Пушкин в жизни. Спутники Пушкина (сборник)
Шрифт:
В 1838 г. Н. А. Полевой писал своему брату Ксенофонту: «К тебе явится с письмом моим офицер, с большими бакенбардами и холодною наружностью, – это Губер, переводчик «Фауста» и единственный человек, которого о сю пору отыскал я в Петербурге: поэт в душе, благороден, умен, учен, немец головою, русский душою». По общим отзывам всех, знавших Губера, это был человек редкой душевной чистоты.
Лукьян Андреевич Якубович
(1805–1839)
Посредственный поэт. Веселый, разбитной малый, круглолицый, румяный, кудрявый, отставной офицер. Наивный и беззаботный, всегда начиненный журнальными новостями и сплетнями. Сильно пил. От литературы он не получал ничего, потому что тогда не только за стихи, но и за прозу платили только избранным. Жил уроками русского языка. Говорят, что, когда он умирал на чердаке в каморке в Семеновском полку, к нему пришло известие, что умер его дядя, оставивший ему в наследство более трехсот душ.

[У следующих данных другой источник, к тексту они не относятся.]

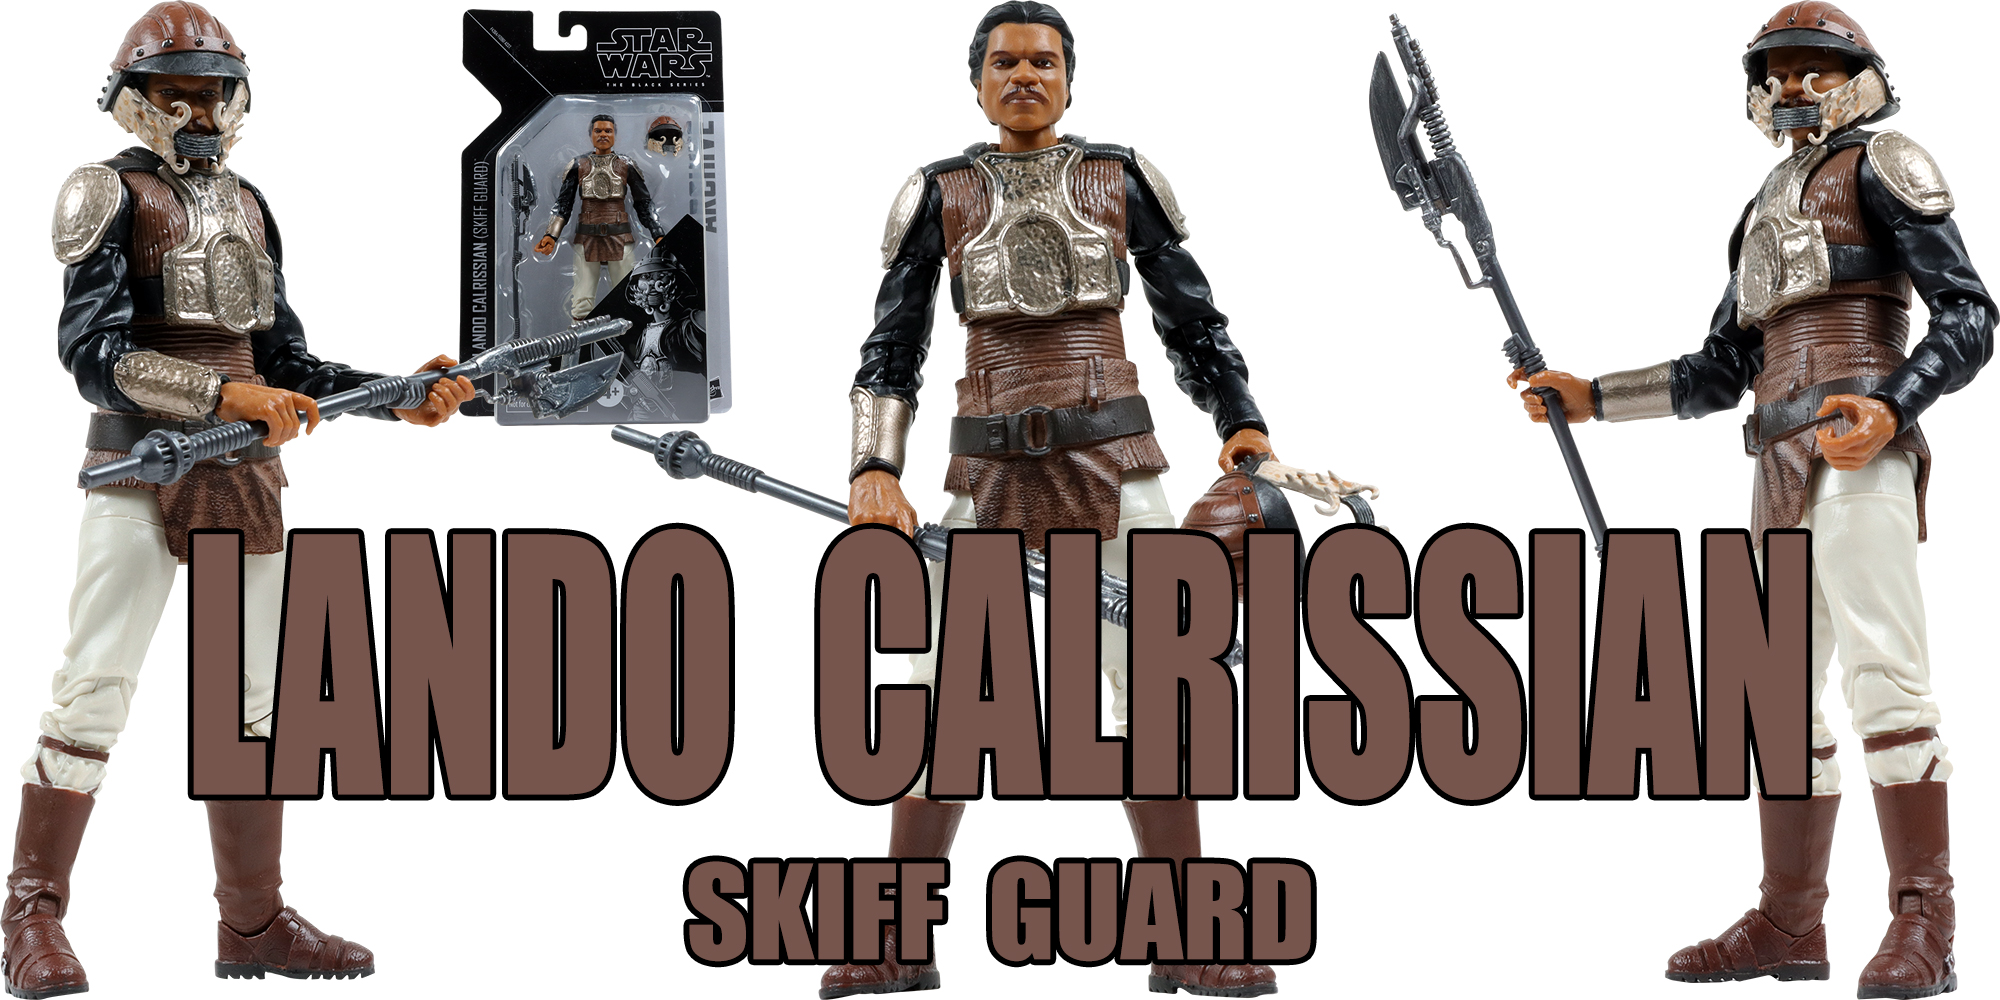 Black Series Lando Calrissian Skiff Guard

Пушкин очень любил Якубовича. «Дружба у них была неразрывная», – рассказывает И. П. Сахаров. За три дня до дуэли Якубович и Сахаров были у Пушкина. Пушкин горячо спорил с Якубовичем. Он был очень сердит и беспрестанно бранил Полевого за его «Историю»; ходил скоро взад и вперед
Алексей Васильевич Кольцов
(1808–1842)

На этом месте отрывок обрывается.